Almost 18,000 refugees are currently waiting for a BSN number which will allow them to work in the Netherlands, broadcaster NOS reported on Saturday.
At the beginning of 2022, 2,330 asylum seekers and refugees with official residency status were on the waiting list but the total has soared since then. Without a number it is virtually impossible to open a bank account, take out health insurance or start a college course as well as work.
The Dutch local authorities organisation VNG recognizes the problem and says some people do have to wait six months for the official number.

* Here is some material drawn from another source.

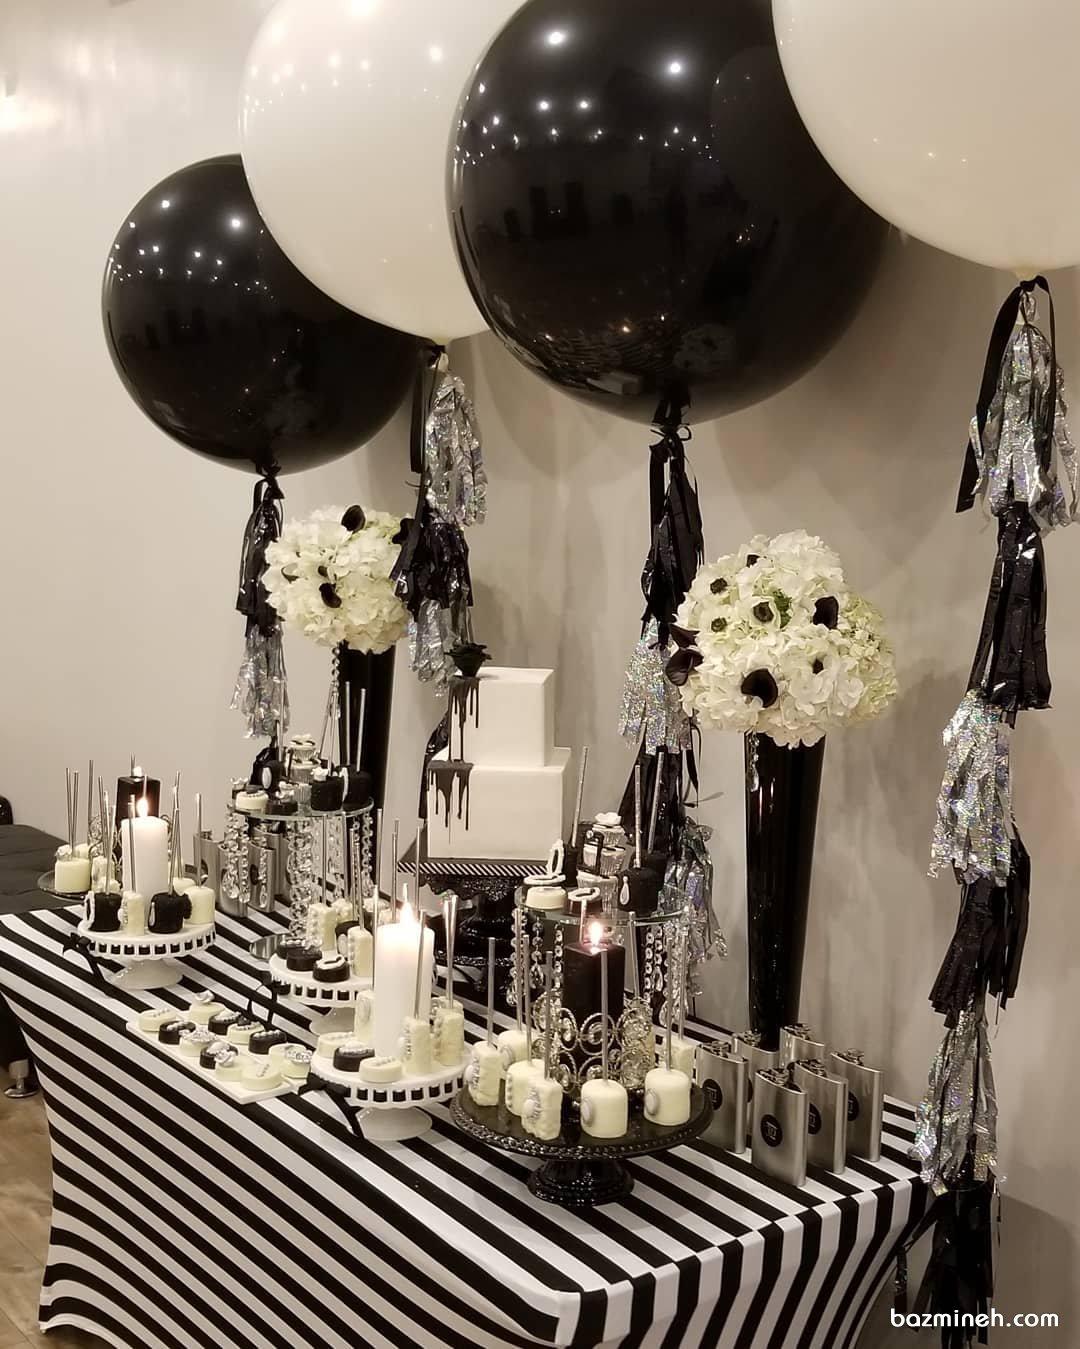 دکوراسیون و بادکنک آرایی شیک جشن تولد یا سالگرد ازدواج با تم سفید مشکی

But Ad Usman, who is in charge of the Gouda refugee centre says it can take up to 18 months.
The delay is “extremely frustrating” for people living in the refugee centre because they cannot get on with their lives,” he said.
Local authorities are responsible for sorting out bsn numbers but just five are licenced to issue them, according to NOS. The home affairs ministry is now looking to see if there is money available to expand this, junior minister Zsolt Szabó told parliament recently.
Szabó, a minister on behalf of the far-right PVV, declined to answer NOS’s questions personally but a spokesman said the asylum and migration ministry, led by Marjolein Faber is ultimately responsible for solving the problem.
“The ministries should stop pointing fingers at each other,” said D66 MP Anne-Marijke Podt. “Solve it, because it has taken long enough. I don’t understand why this is not happening.”
In April, state jobs agency UWV said companies have filed over 1,500 requests for work permits for asylum seekers this year following a court ruling last year which said they can work more than 24 weeks
Under the old rules, asylum seekers who have not been given residency permits are not allowed to work more than 24 weeks a year so they do not get the idea that their request for refugee status will be honoured.
But in April last year, the court decided that the current situation in the Netherlands is at odds with European rules which say asylum seekers should have access to the jobs market so that they become self-sufficient and are better integrated into society.
“If you extrapolate the number of requests made in the first months of this year the total number in 2024 will go up to 7,000,” UWV chairman Maarten Camps told Nu.nl at the time. Just 2,000 permits were requested in the whole of last year.
“Many of these people are highly skilled and it is important to use these skills,” he said. Most asylum seekers end up in relatively low-skilled jobs in restaurants, or cleaning via jobs agencies.
“It’s important to find the right match for people who are already here and staying here. That will also limit the number of labour migrants,” Camps said.